Deriving the Time Period of a Pendulum with Small Angle Approximation

In summary, the conversation is about a problem involving a pendulum and finding the time period without the small angle approximation. The question is then asked to calculate the time period for small angles, up to second order in the small angle approximation. The person is not sure how to interpret the question and wonders if they should derive the simplified expression or expand the integral using a Legendre polynomial. The expert confirms that the question is asking for the second order contribution in the small angle approximation and suggests making a normal series expansion to find the answer.
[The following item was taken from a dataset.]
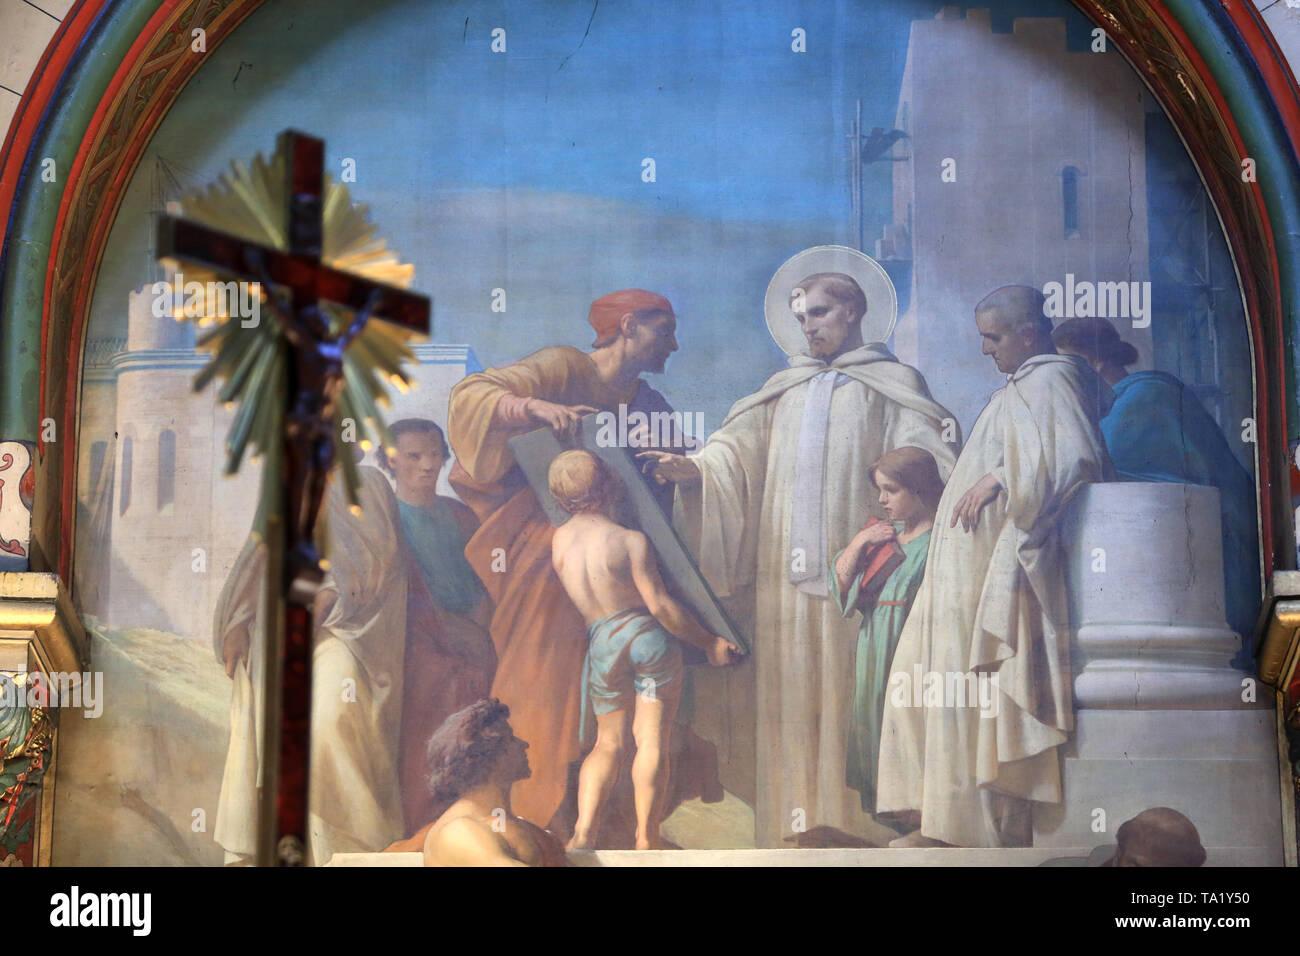 La Vie de Cook: la construction de Sohn monastère. Eglise Cook. Saint-Cloud. Das Leben des Heiligen Clodoald. Kirche St. Clodoald. Stockbild
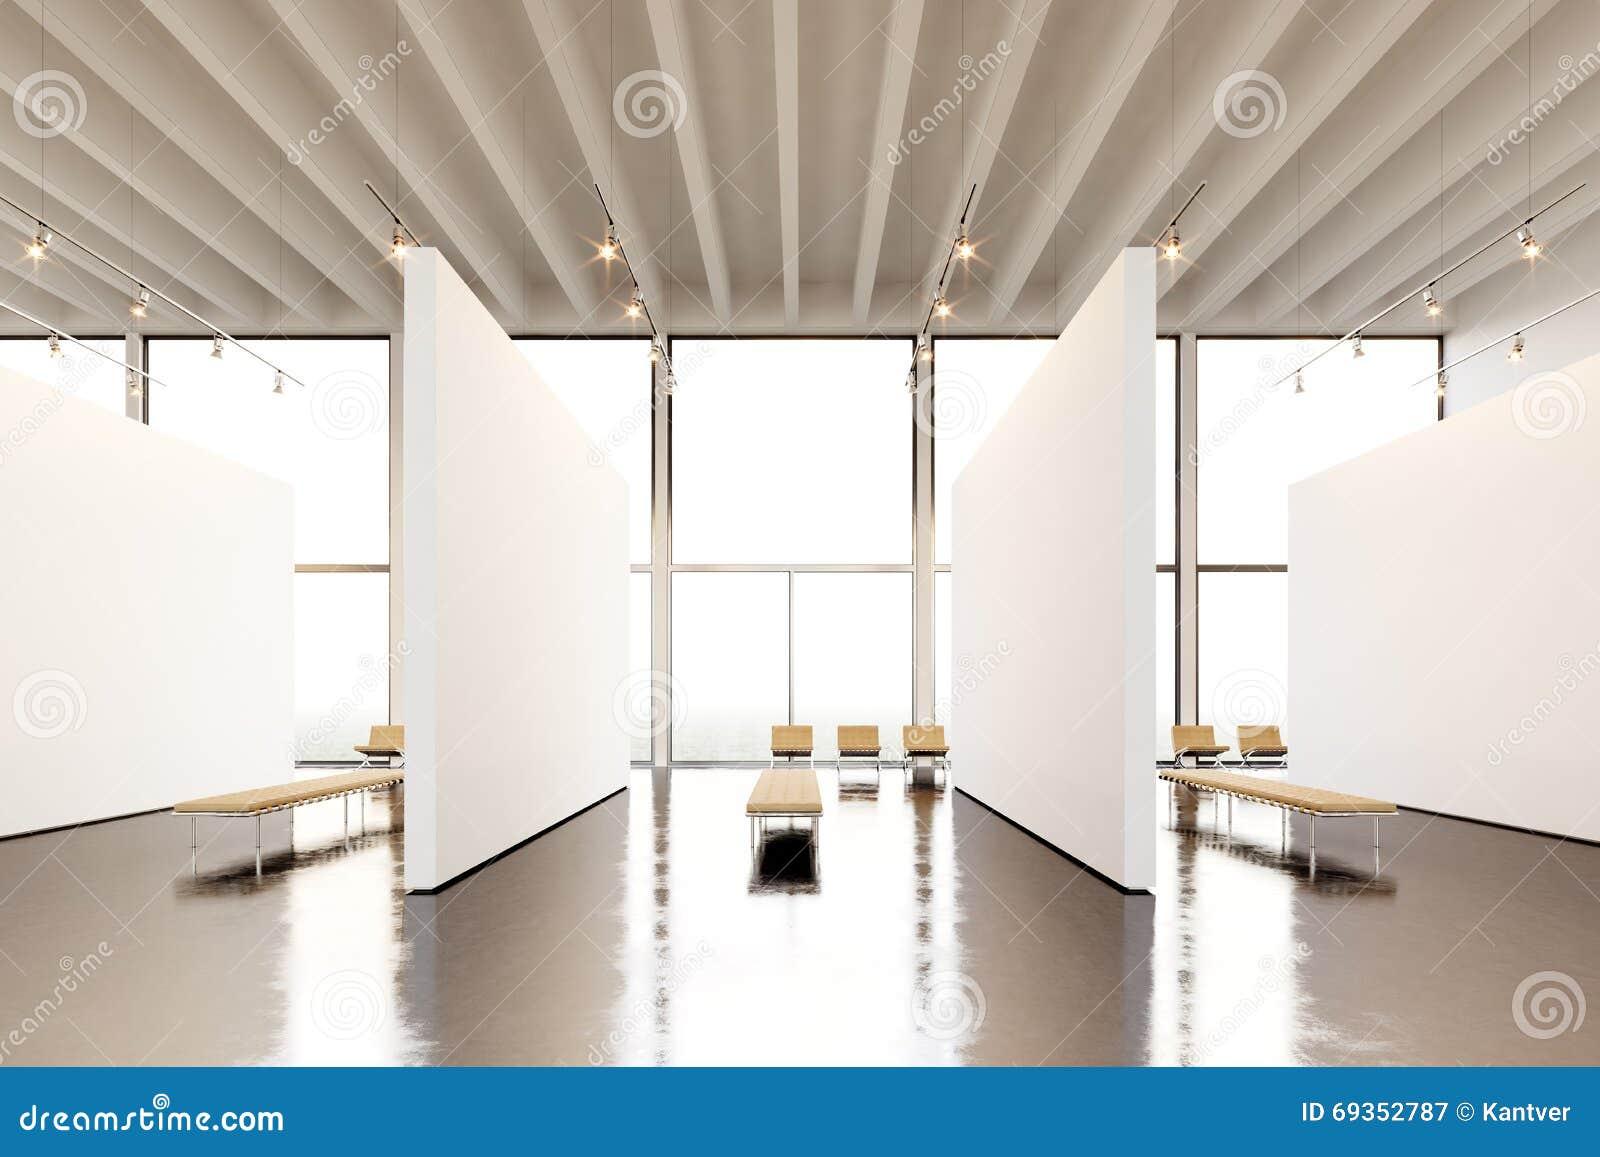 Moderne Galerie Des Fotoausstellungs-Raumes Hängendes Museum Der ...

The person then confirms their result as ##T(\varphi_0) = 2 \pi \sqrt{\frac{l}{g}} \big(1 + \frac{\varphi_0^2
  • #1
JulienB
408
12
Hi everybody! I have a quick question about a pendulum. The first question of a problem asked me to find an integral expression for the time period of a pendulum without the small angle approximation, which I did and I got that:

##T(\varphi) = 4\sqrt{\frac{l}{g}} \int_{0}^{\pi/2} \frac{d\xi}{\sqrt{1 - \sin^2 (\varphi_0/2) \sin^2 \xi}}##

which seems correct. But then I am asked: "Calculate T for small angles ##\varphi_0 << 1## until the second order in ##\varphi_0##" (translated from german but quite accurate I believe).
I am not sure how to interpret the question: do they want me to derive ##T = 2\pi \sqrt{\frac{l}{g}}## (but then I don't do anything in second order) or do they want me to expand the integral until second order, with the Legendre polynomial for example (but then I don't do any small angle approximation)?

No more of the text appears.